_ACTIVITY_:
Reproduce each line of the material exactly, minus any picture.

_INFORMATION PROVIDED_:

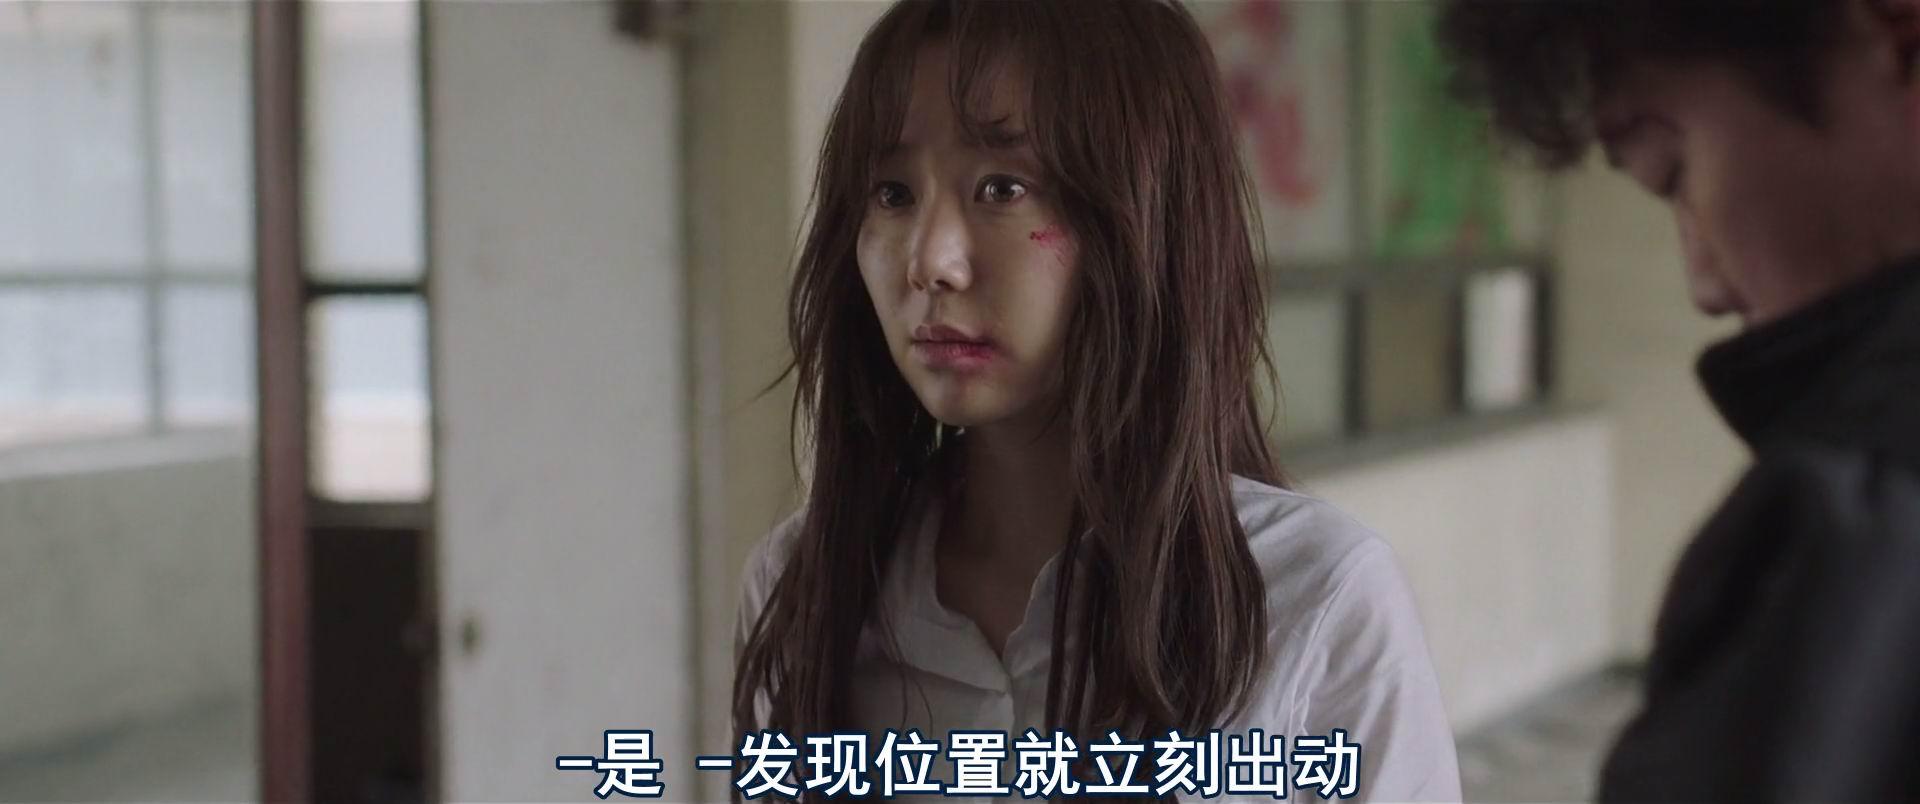 韩国剧情《操控游戏》[韩语中字][新片/1080p]
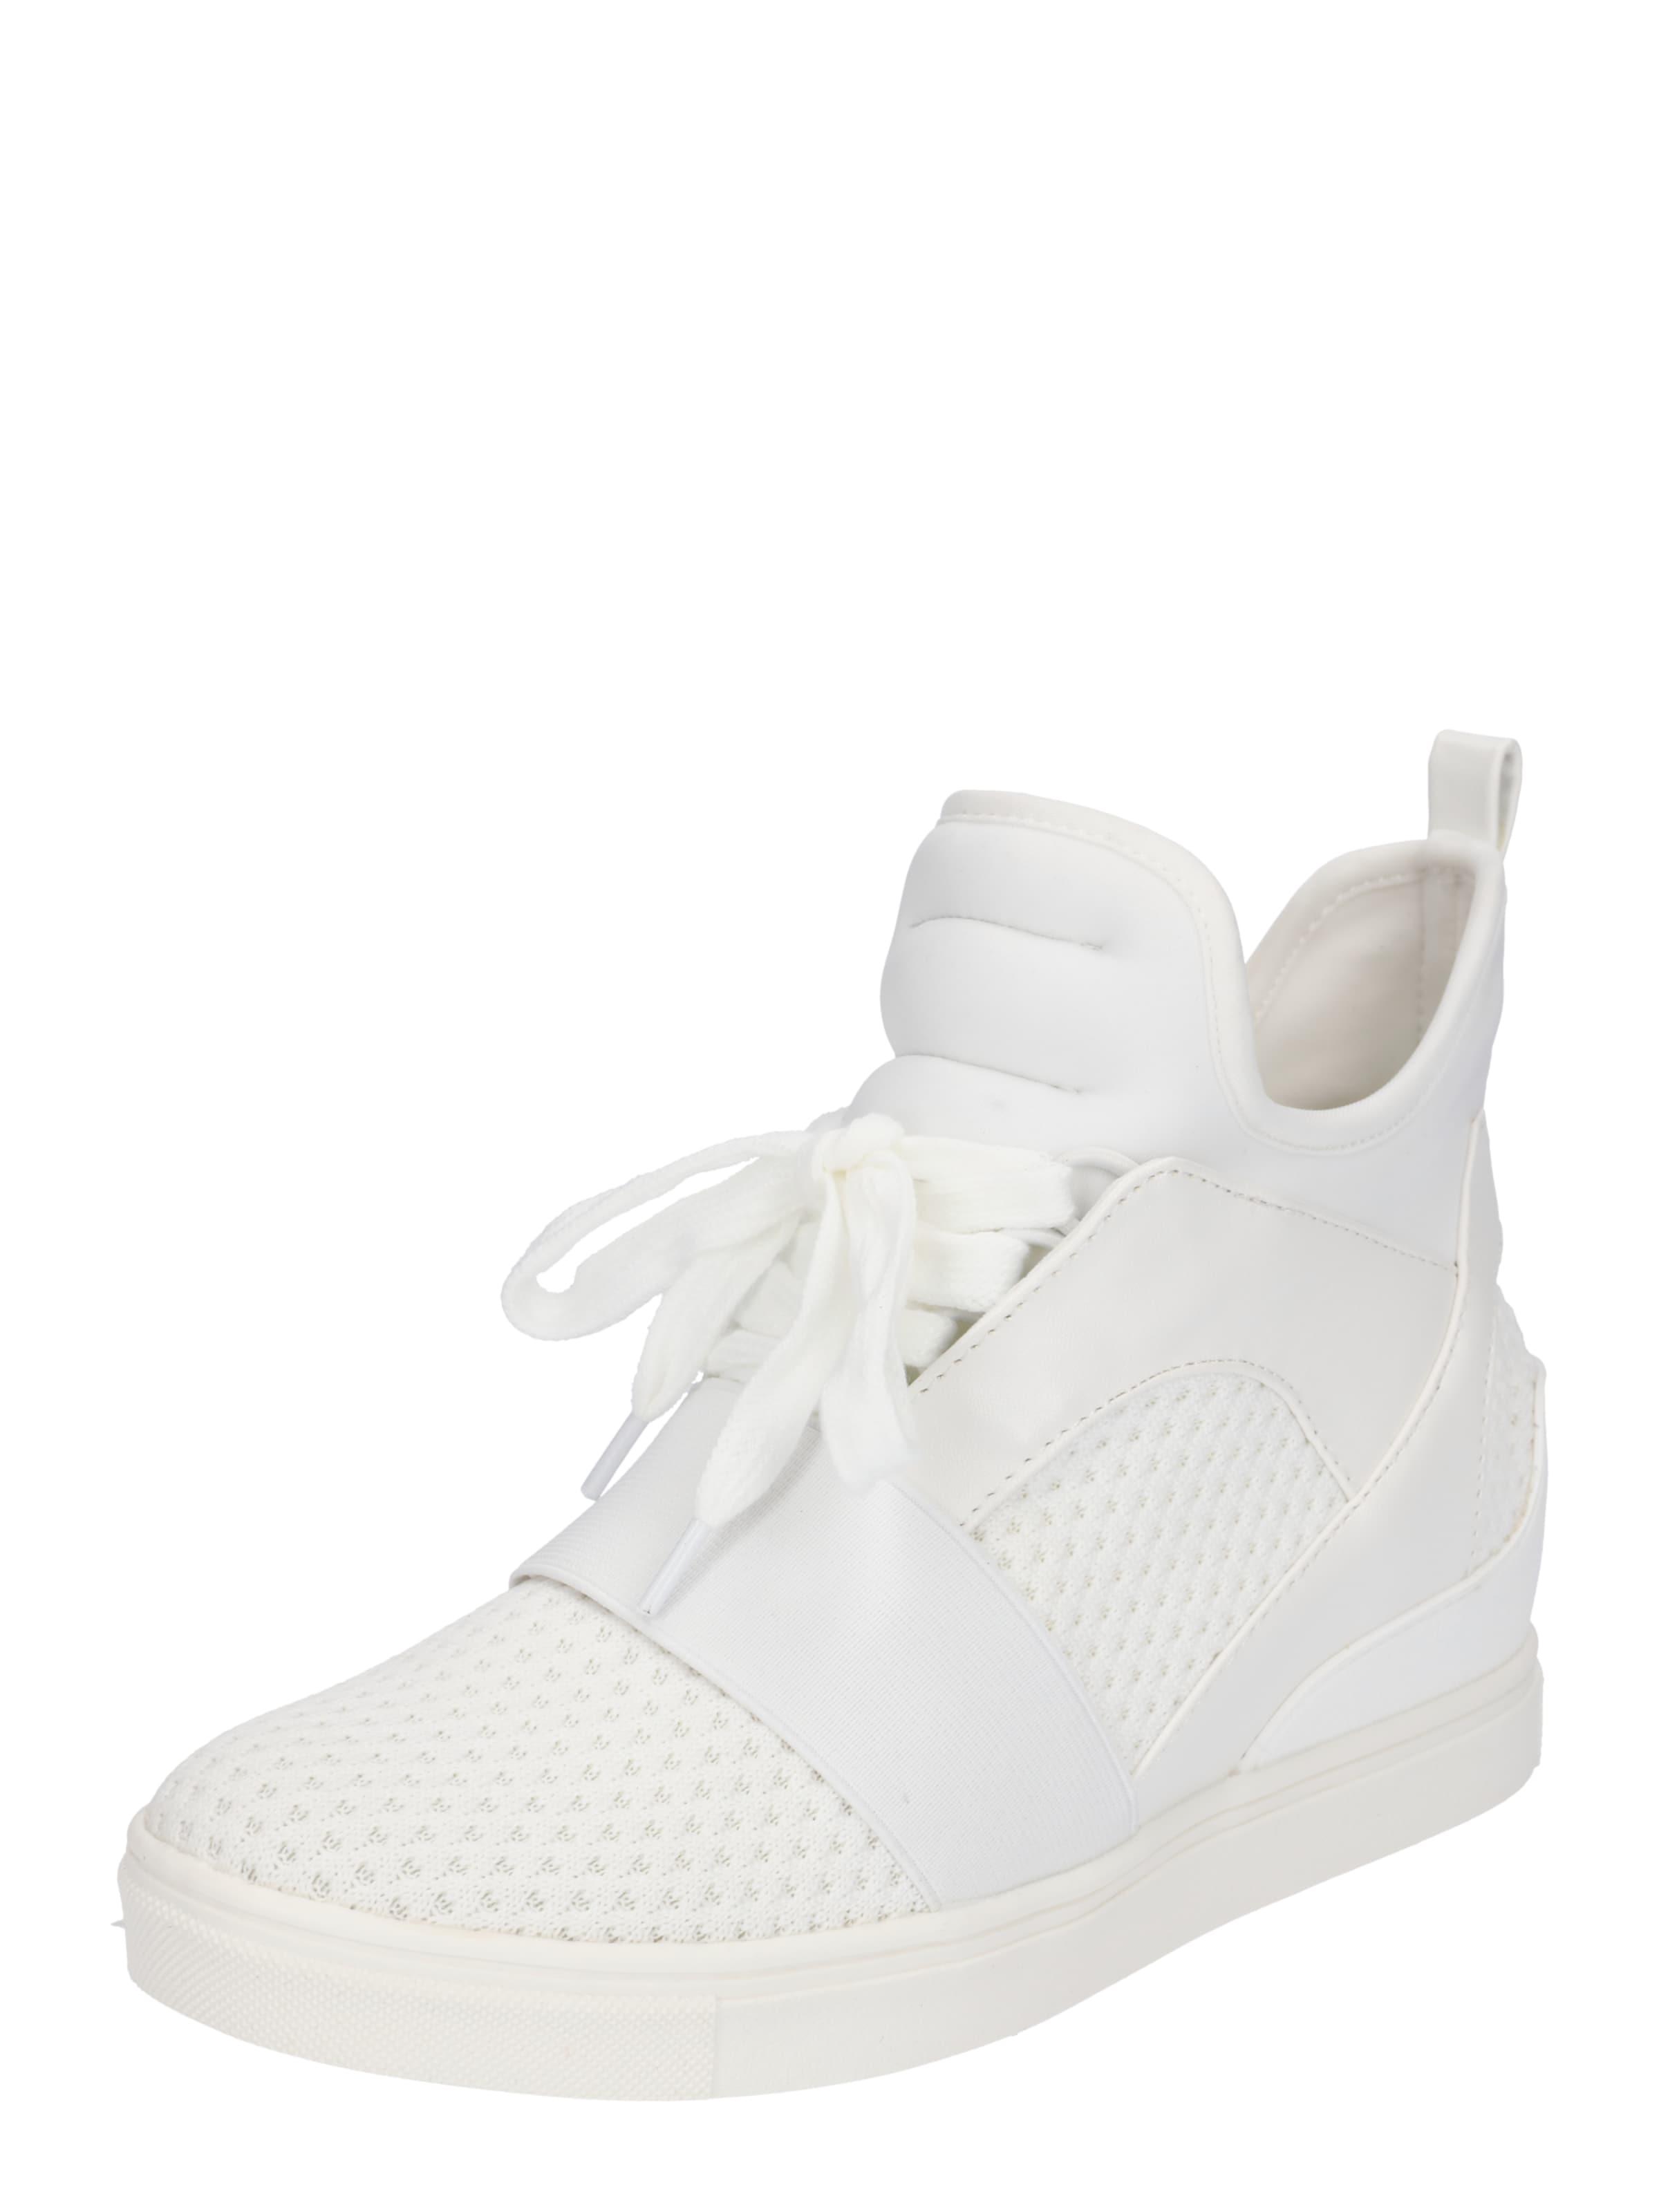 Chaussures De Sport Steve Madden Haute Lexi 'blanc 6VLKFzs
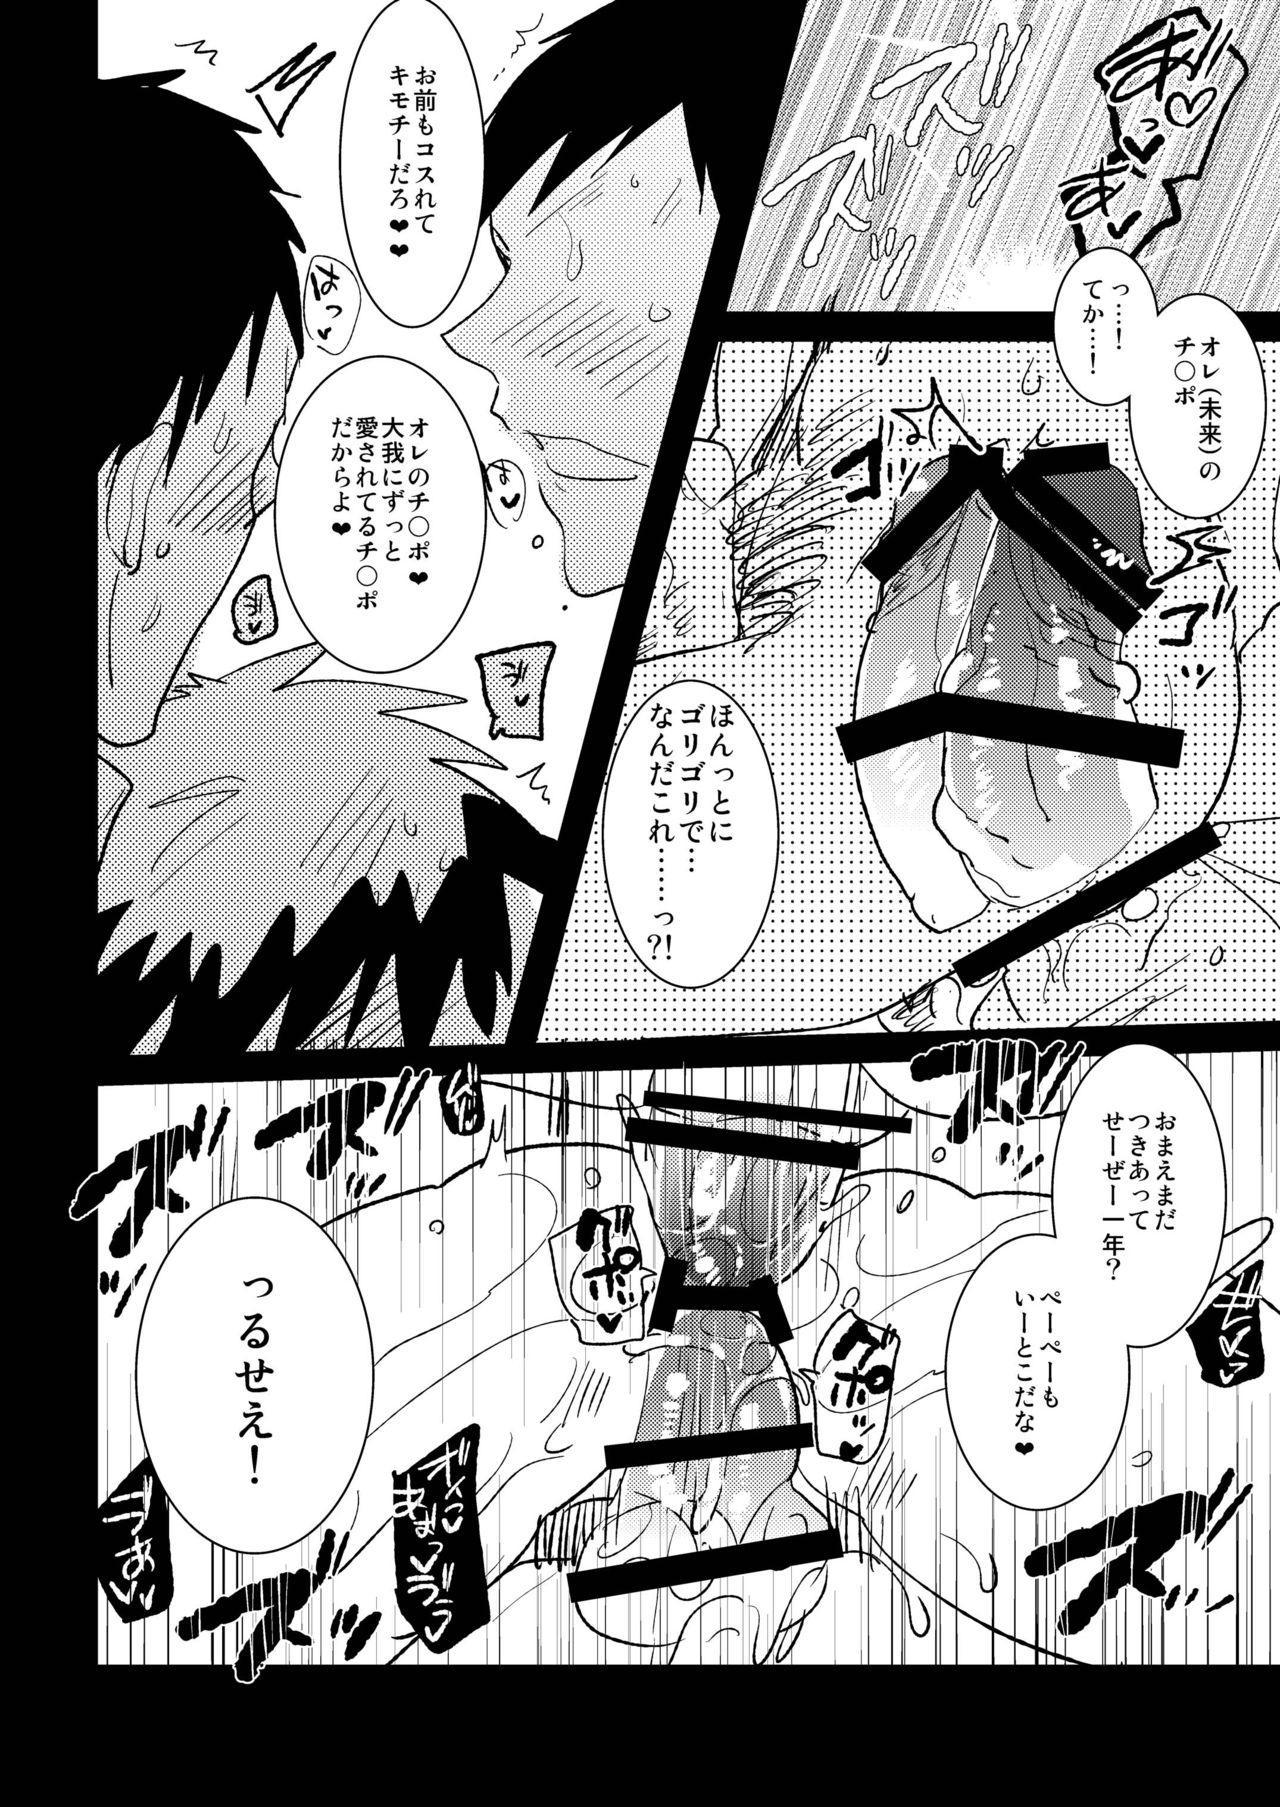 [archea (Sasagawa Nagaru)] Otona no Aomine-kun to (Seiteki ni) Asobou (Kuroko no Basuke) [Digital] 18

_WRITTEN ANSWER_:
 韩国剧情《操控游戏》[韩语中字][新片/1080p]
 Chaussures De Sport Steve Madden Haute Lexi 'blanc 6VLKFzs
 [archea (Sasagawa Nagaru)] Otona no Aomine-kun to (Seiteki ni) Asobou (Kuroko no Basuke) [Digital] 18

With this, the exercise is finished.